There’s currently no cure for spinal and bulbar muscular atrophy, and no medications have been proven to slow or reverse disease progression. However, treatments exist to manage symptoms and reduce their severity.
It’s important to understand that SBMA is a progressive disease. That is, it will continue to worsen over time. Most people with SBMA will eventually need live-in caregivers.
Physical therapy and lifestyle adjustments
In many cases, certain adjustments in your daily life can make managing SBMA a little easier.
Because swallowing can become more difficult, cutting food into smaller pieces can help prevent choking. Consulting with a dysphagia specialist or speech-language pathologist (SLP) can help you practice safe and effective ways to swallow.

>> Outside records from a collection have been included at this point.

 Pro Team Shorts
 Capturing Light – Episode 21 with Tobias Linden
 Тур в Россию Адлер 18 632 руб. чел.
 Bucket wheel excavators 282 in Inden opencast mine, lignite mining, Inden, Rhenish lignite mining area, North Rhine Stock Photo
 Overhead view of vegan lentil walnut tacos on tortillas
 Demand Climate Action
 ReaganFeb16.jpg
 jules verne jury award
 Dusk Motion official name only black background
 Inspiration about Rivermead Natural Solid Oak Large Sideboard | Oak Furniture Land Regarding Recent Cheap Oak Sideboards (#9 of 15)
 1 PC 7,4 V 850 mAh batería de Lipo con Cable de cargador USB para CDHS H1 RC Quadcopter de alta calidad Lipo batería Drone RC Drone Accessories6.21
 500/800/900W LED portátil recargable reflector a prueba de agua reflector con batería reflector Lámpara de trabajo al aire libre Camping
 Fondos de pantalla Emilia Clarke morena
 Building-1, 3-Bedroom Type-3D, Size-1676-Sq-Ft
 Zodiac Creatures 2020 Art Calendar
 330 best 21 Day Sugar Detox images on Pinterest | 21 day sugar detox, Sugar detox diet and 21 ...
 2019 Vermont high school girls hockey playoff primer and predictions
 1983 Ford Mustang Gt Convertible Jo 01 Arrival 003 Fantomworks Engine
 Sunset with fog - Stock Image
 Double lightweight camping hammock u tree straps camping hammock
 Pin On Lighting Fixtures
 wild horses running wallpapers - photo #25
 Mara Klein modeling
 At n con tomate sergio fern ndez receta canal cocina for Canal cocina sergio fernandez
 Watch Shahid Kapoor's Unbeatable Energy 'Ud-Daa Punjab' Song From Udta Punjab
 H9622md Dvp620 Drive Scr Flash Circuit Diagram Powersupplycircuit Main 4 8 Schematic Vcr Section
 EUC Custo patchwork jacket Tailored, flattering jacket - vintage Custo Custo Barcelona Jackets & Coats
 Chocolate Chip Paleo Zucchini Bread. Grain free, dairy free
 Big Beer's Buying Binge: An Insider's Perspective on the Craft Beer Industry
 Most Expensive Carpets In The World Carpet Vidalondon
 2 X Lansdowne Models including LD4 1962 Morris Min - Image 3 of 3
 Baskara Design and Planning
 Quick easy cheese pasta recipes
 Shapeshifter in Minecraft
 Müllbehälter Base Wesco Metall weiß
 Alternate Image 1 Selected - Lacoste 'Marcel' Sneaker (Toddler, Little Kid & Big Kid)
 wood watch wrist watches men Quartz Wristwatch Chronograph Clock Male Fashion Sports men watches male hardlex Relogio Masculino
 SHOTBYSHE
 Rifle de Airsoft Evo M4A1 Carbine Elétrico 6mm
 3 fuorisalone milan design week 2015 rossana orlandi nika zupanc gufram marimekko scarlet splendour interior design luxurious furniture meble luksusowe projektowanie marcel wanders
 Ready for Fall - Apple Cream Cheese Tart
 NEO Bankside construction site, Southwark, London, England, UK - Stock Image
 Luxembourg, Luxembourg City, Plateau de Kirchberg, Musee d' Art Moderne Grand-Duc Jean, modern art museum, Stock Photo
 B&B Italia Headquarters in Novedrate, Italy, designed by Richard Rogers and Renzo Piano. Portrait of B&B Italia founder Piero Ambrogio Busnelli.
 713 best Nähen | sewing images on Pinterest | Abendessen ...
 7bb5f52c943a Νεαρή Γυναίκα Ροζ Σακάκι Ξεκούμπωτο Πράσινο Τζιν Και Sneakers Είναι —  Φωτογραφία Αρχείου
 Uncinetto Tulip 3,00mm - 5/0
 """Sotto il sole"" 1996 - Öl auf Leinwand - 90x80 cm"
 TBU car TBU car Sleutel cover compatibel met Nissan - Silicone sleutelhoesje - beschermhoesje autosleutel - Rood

Swallowing problems are often factors in early mortality among people with SBMA, due to complications such as pneumonia or asphyxiation. If breathing becomes difficult, respiratory therapy may be helpful. In addition, ventilation aids, such as a bi-level positive air pressure device, can make breathing a little easier.
Because the leg muscles can become weak over time, a cane or walker may be necessary to walk safely and avoid fall-related injuries. Eventually a mobility aid (such as a scooter or wheelchair) may be essential. Physical therapy may help prolong the time before a person with SBMA is required to use a walker or wheelchair.